What’s the most unusual reason you’ve heard someone call in sick for work? – 17 eyebrow-raising excuses
10.
‘Back in my retail days one girl didn’t show up so we called her and she said “I forgot that I worked there” (as in forgot they worked for our store, not forgot they worked that day). It was the most insane excuse I’d ever heard as a manager. She’d worked with us for like 3 weeks. I guess she ‘forgot’ forever because she never came back.’
-Just-why-2715
11.
‘Not work, but a college class with a pretty strict attendance policy – I delivered a message to the professor that my friend couldn’t come that day because “she thought one of her guppies might give birth”.
‘To prevent cannibalism the recommendation was to separate the babies from the adults asap; prof. accepted this as an excused absence lol.’
-InannasPocket
12.
‘Had a 2nd shift QA job in my 5th packing house. Not a gov inspector, not on the line, not a supervisor, hated by all. Morbidly depressed after 6 months.
‘Woke up one morning & felt great – mentally & physically.
‘Called in – “I’m calling in well. I feel great & won’t ruin it by coming to work today”.
‘Boss said I’ll have to write you up tomorrow. Have at it. Sent out a resume & left a month later.’
-busterfudd1
13.
‘”Forgot to change my clock for daylight savings”.
‘We had this guy who would always be one hour late to work on the Monday after we changed the clocks.
‘But the guy was an idiot: He’d pull this excuse when we roll-back as well as when we roll-forward.
‘By that logic, you’d be an hour EARLY one day a year, and an hour late one day a year.’
-whomp1970
14.
‘My wife called me from home while I was at work one day. I asked her why she was home instead of at work and she said, “I called in sick”
‘I asked her what was wrong. She replied “There’s a big bug by the door.”
‘We lived in a garden apartment with only one entrance. And she couldn’t get out because of the bug.
‘I told her to step on it. She was too afraid. I told her to stick our Jack Russell on it. She(the dog) was definitely not afraid of bugs.
‘So that’s what she did. She took the dog over to it, pointed it out, and the dog went over to it, sniffed it and walked away.
‘Upon further examination it turned out the “bug” was actually just a ball of loose thread.

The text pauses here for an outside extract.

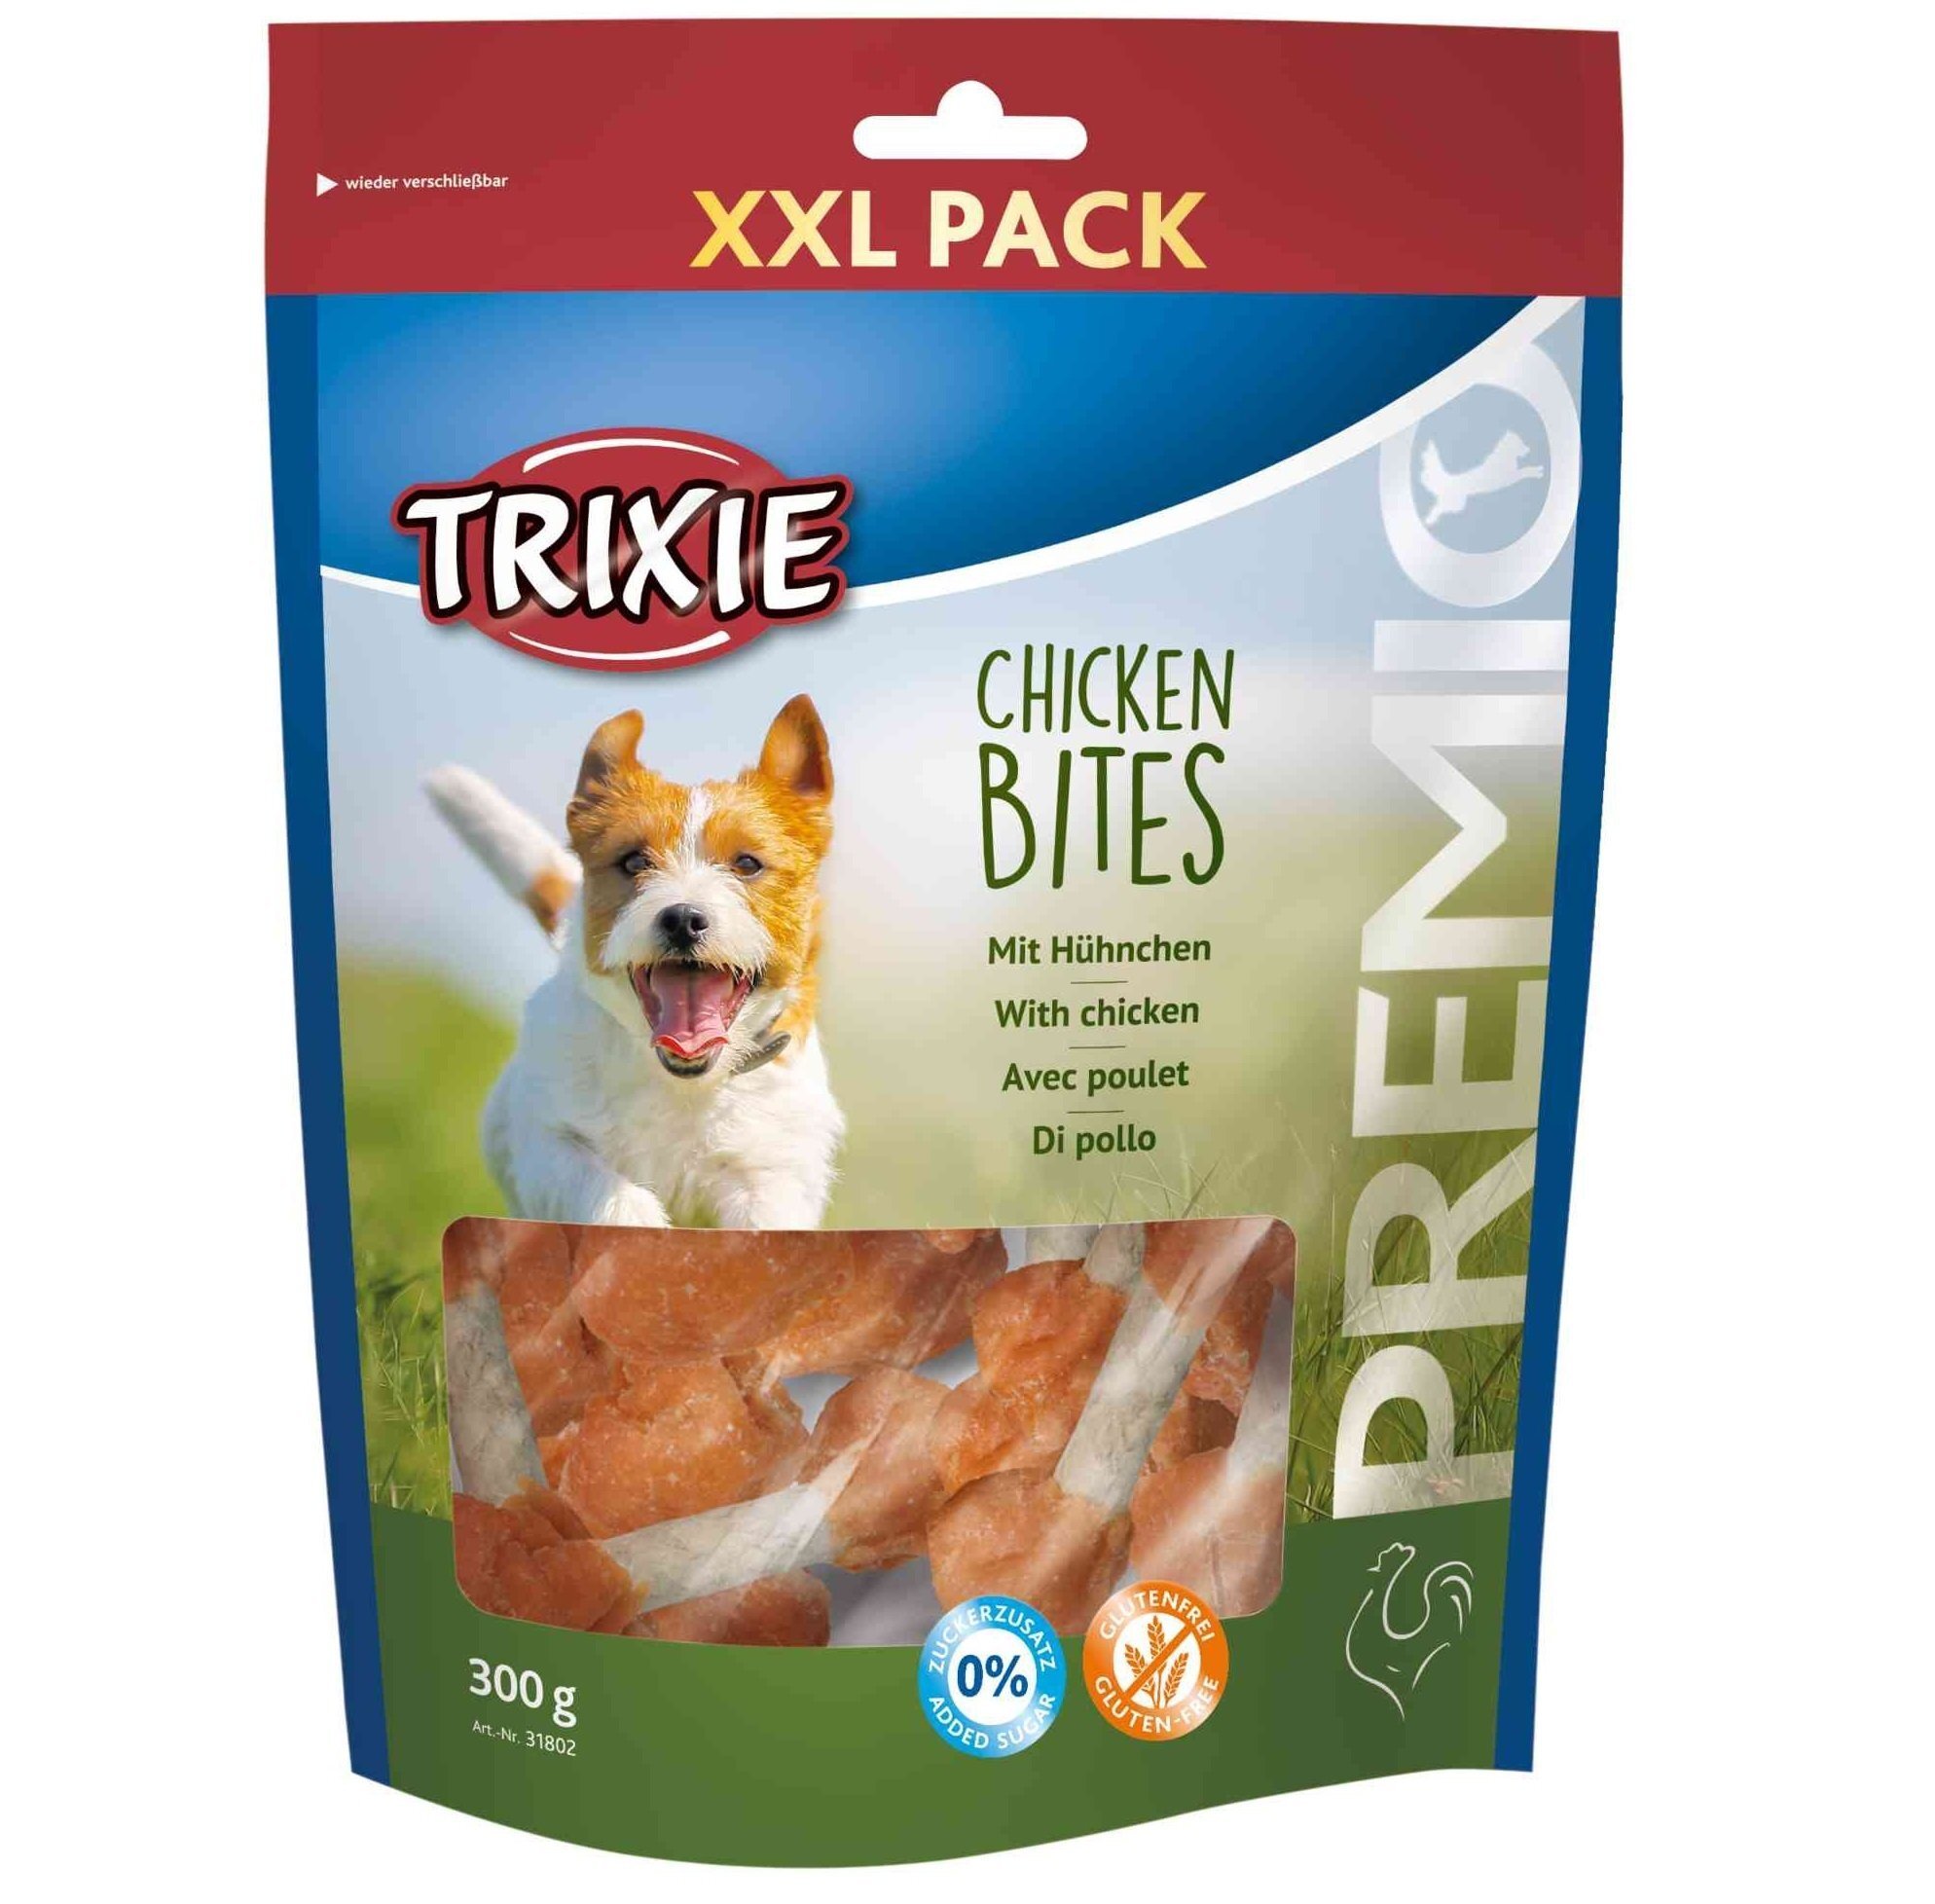 Ласощі для собак Trixie PREMIO Chicken Bites XXL Pack кур. гантелі 300грфото1

‘These are the dangers of not wearing your glasses, I guess.’
-Adddicus
15.
‘They dropped a frozen turkey on their bare foot.’
-Less_Instruction_345
16.
‘A colleague emailed me to tell me he’d be out of town and unable to review the materials I sent him. I was frustrated because I work in print publishing, and deadlines really don’t care about your vacation. Checked in with another colleague to see if he agreed that I should follow up with him by phone regardless.
‘It turns out he was not just “out of town” — he was in ANTARCTICA doing research.’
-porcelina-g
17.
‘They couldn’t come in because their neighbor’s dog ate their car keys.’